Unless working from home means an eighteen-month-old running around in a diaper, doorbells ringing frequently, and the constant temptation to turn on Fixer Upper so you can “rest your mind” for a few minutes.

Remote work can be a confusing and complex thing, as more and more jobs transition to offering flexible options.

Regardless of what your situation is, distractions can build up quickly.

Surveys have shown that 52% of remote workers do not believe they use their time efficiently, and 70% of employees, remote or not, have said that they believe training would help them focus better at work.

Let’s look at 5 ways to manage your time effectively when you’re working remote.

1. Prioritization

One of the most common methods of managing time is prioritization.

Label each project in terms of criticality, ease of completion, deadline, or another criterion, and order them so you have a plan in place for which projects to work on first.

Maybe you want to take a bite out of the biggest projects first, and then tackle a few small ones, or perhaps your focus is on the projects with the closest deadline, or maybe the most enjoyable ones to complete.

The criteria are up to you, but whatever it is, categorize every project so you can figure out where it goes in the workflow.

2. Batch Work

Batch work is another form of grouping your assignments so you can work on them more efficiently.

Instead of prioritizing projects by a deadline or some other criteria, however, batch work takes like projects and fits them together, so it is easy to transition between the projects and accomplish multiple tasks in a short time.

Working in manufacturing will give you an idea of batch work – between different products you must change over the machinery to make the next product, so for efficiency’s sake, it’s best to do as many of one product before switching.

This is the mental equivalent to changing your machine setup and batching will reduce the number of times you do that.

3. Proactive vs. Reactive Assignments

Another form of categorizing your projects, labeling proactive and reactive assignments should take place concurrently with whatever other systems you’re implementing for efficiency.

A proactive assignment is one you complete on your own and rely on no one else.

A reactive assignment is a response, maybe answering a customer’s questions, or doing specific changes to a piece of work that has been edited.

You should balance proactive and reactive assignments properly.

A proactive assignment can be started and completed at your leisure, so it’s best to schedule these out, either using a batch method or prioritization of some sort.

Then, you can build in an additional period for reactive work.

Perhaps this could be its own batch, even – a separate time in your day reserved for responding to the editor’s remarks or answering customer complaints.

4. Maintaining Focus

Obviously, this is vital. Maintaining focus is the hardest thing when working remotely.

Honestly, it’s difficult in an office, because you have co-workers chatting and coming by your desk.

Find a specific, isolated spot for your work. Designate an area, and free it from distractions (for instance, a television or an eighteen-month-old).

Making sure you have a productive work environment is important or else you’ll get no work done, no matter how many batches you create.

Set a business casual mood – make sure the lighting and atmosphere are conducive to work and helps you stay alert, meaning no working in a half-lit room where you’re liable to fall asleep.

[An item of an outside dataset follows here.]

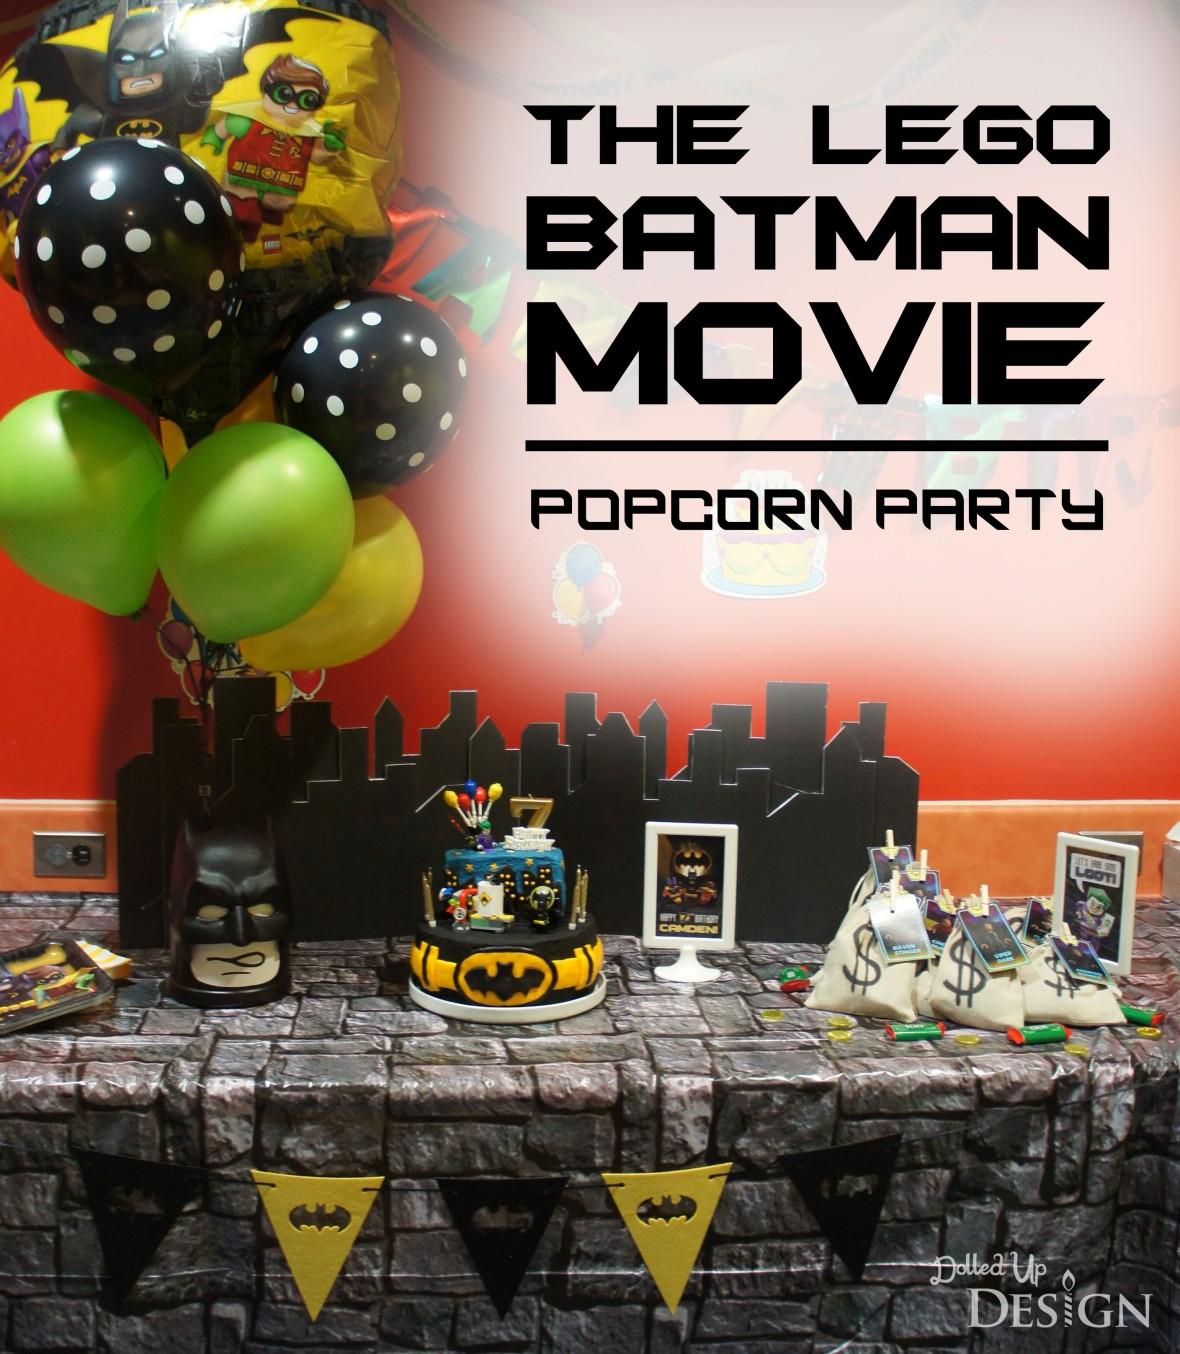 The Lego Batman Movie_Cineplex Popcorn Parties

If you can’t keep focused, none of the other steps will be of any use to you.

5. Deep vs. Shallow Work

The final thing here is to separate deep work from shallow work.

This is a scale of mental effort – a deep project requires you to spend a lot of time laboring over it mentally and is more exhausting.

That doesn’t mean the project takes longer.

Some shallow projects can be lengthy, but the low effort level means you can sustain working on it for long periods of time.

You can work on deep projects first thing in the morning to get them out of the way, or you can get the ball rolling in a more relaxed way with some shallow work.

The first way removes difficult obstacles so you can speed through the rest as needed, while the second builds up momentum to tackle deeper projects better.

Conclusion

These are just five ways to maintain focus and maximize your effort level while working remotely.

It becomes easy to zone out and lose your focus, especially if you’re working in your own home. And let’s be honest, as romanticized as working in a coffee shop is, I’ve hardly ever successfully accomplished anything with the distractions of a bustling Starbucks around me.

The benefit, however, is that the more efficient you become at working remote, the more you’ll be able to do it.

Whether you plant to batch your projects by style, so you don’t have to switch over frequently, or you prioritize each assignment by difficulty and work on them in your preferred order, you need to have a game plan.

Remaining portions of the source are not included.